According to ING Investment Management Middle East outlook for 2010, equity markets in Saudi Arabia, Qatar, Oman and Egypt, selectively, have the internal driving catalysts that will attract foreign and local investors. In the UAE, a lot of the infrastructure spending in the region that was delayed or tendered will have a big chance of materialising this year, which will reflect positively on project-based companies and manufacturers that are linked to governments spending, it said.

The outlook also said a sustained global recovery will have a very positive impact on manufacturers in the UAE, especially the ones that export a big chunk of their production. However, as retail investors turn risk averse in the current market conditions globally as well as regionally, fund managers say retail investors need to entrust their money with professional fund managers who understand the region and the companies and they need not to be focused on one company or stock or one asset class but allocate their assets across a very diversified portfolio.

"Diversification is key for investors and is key for the long-term sustainability and growth of a fund over an investment horizon of not less than 12 to 18 months, because this is what is needed for investment course to materialise," said Rami Sidani, Head of Mena Portfolio Management, Schroders Middle East. "Retail investors who want to trade on their own end up buying high and selling low. Fund managers, with a long-term plan, tend not to make such mistakes."

Fund managers say a retail investor needs to go by the fund manager rather than the NAV (net asset value) of a fund in order to invest.

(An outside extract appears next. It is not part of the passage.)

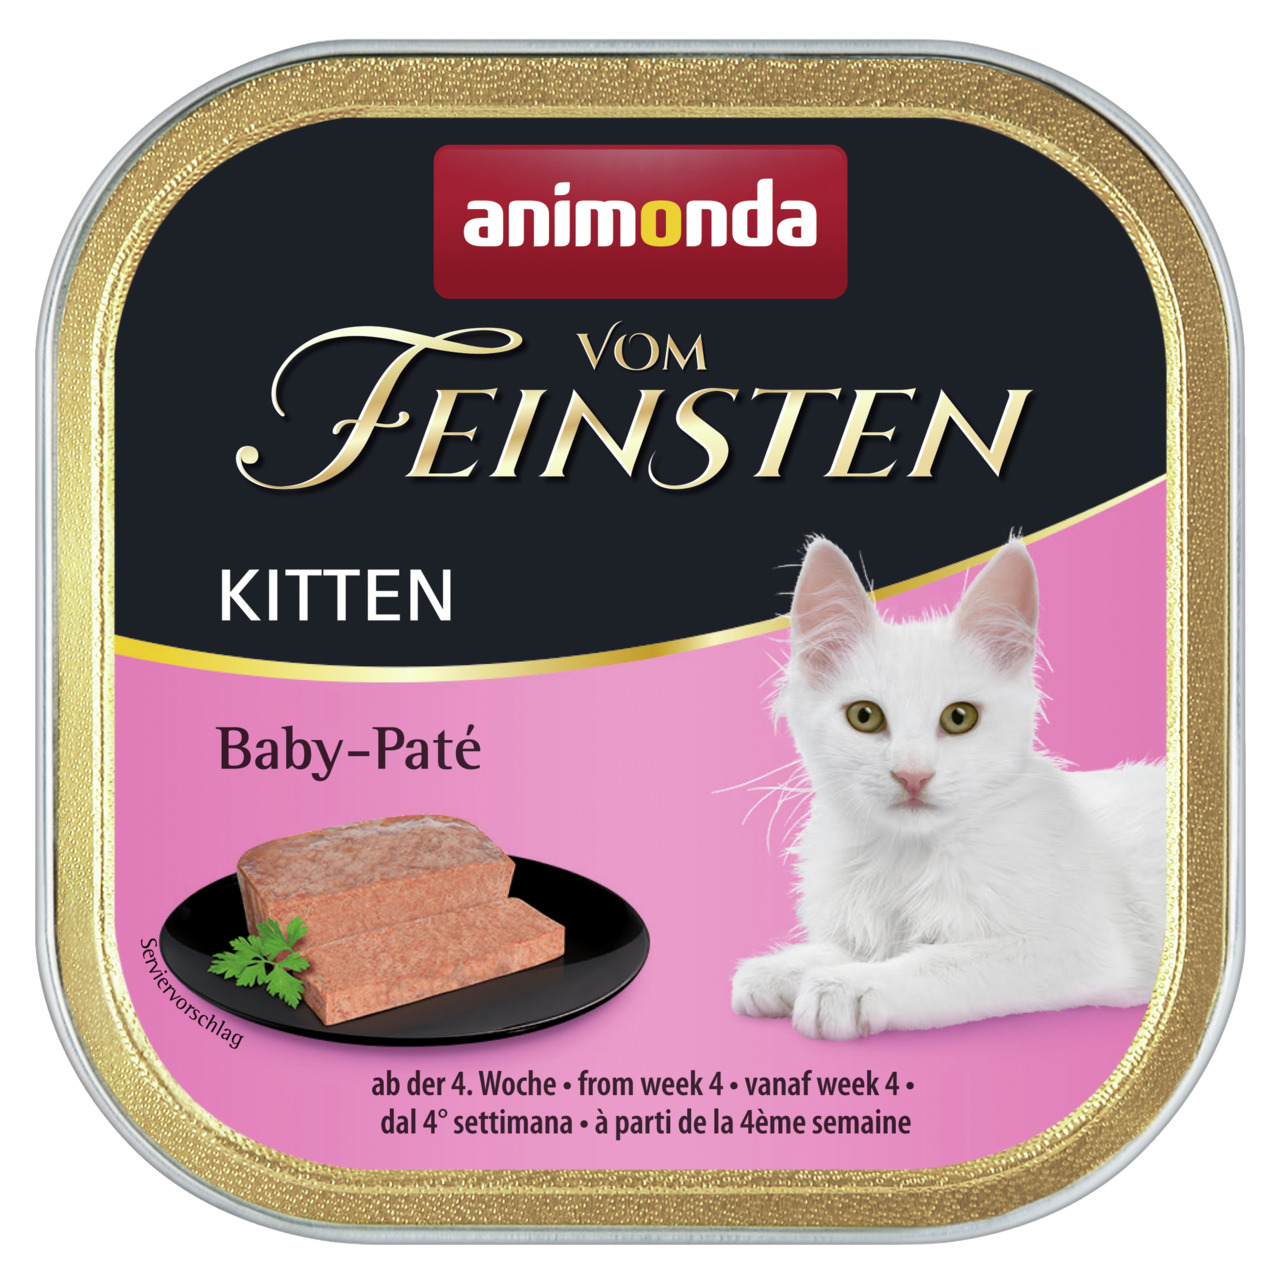 Animonda vom Feinsten Kitten Baby Paté Katzen Nassfutter 100 g

"To select a particular fund, it's very important to understand the management team behind the fund. After all, this is what makes or breaks it. It's important o understand the knowledge or experience that the fund manager and his team enjoy. At the same time it's important for the management team to be on the underground and understand the dynamics of the region they invest in," Sidani said.

Tarun Ghulati, CEO, UTI International, a 100 per cent subsidiary of UTI Asset Management Company of India, said: "An investor should look a little deeper. Fund manager is the one who delivers the goods. If the strategy and objective is good and if the desire to deliver value to the customer is there, then the NAV will follow suit."

Myths and mistakes

Following a herd mentality is one of the biggest mistakes a retail investor makes when it comes to investing in a mutual fund, believe fund managers.

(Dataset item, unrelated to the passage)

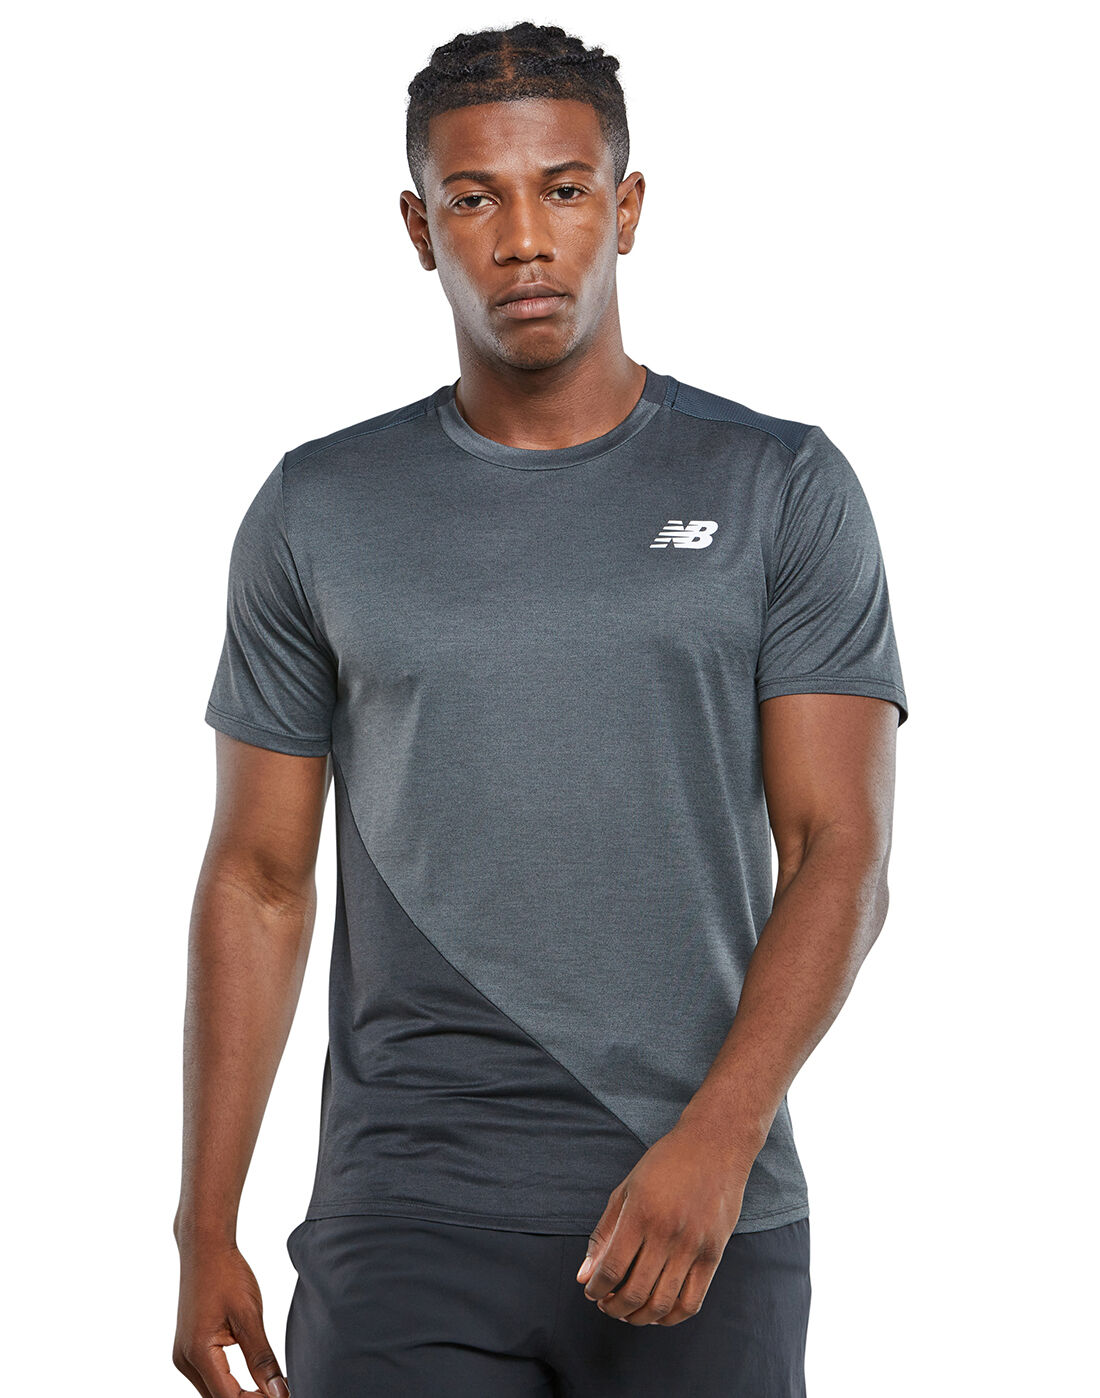 New Balance Mens Velocity Running T-Shirt - Grey | Life Style ...

"Retail investors often end up following what's called a herd mentality or following the crowd. Unfortunately, they do it at the wrong time usually and this is the mistake they make. Secondly, retail investors generally do not tend to have a diversified portfolio, so they end up focusing on one stock that increases the risk of their wealth significantly," said Rami Sidani, Head of Mena Portfolio Management, Schroders Middle East.

He said there are elements of risks in any types of investment, including in mutual funds. However, an investor can mitigate these risks by investing for long-term period, say for three to five years, because the long-term time frame reduces the risk and filters out the volatility that financial markets usually exhibit.

Fadi Al Said, Senior Fund Manager and Head of Equities, ING Investment Management Middle East, said investments is all about expectations and sentiments, and mistakes have much to do with behavioural finance.

"Retail investors sometimes overlap risks when investing in equity markets and investing in funds, because they compare performance of the stock with the performance of funds. Panic and greed are other usual mistakes," he added.

The biggest myth of investing in a mutual fund is to always make money, points out Tarun Ghulati, Chief Executive Officer, UTI International. "The second biggest myth is that – if I follow the trend it'll be always good for me," he said.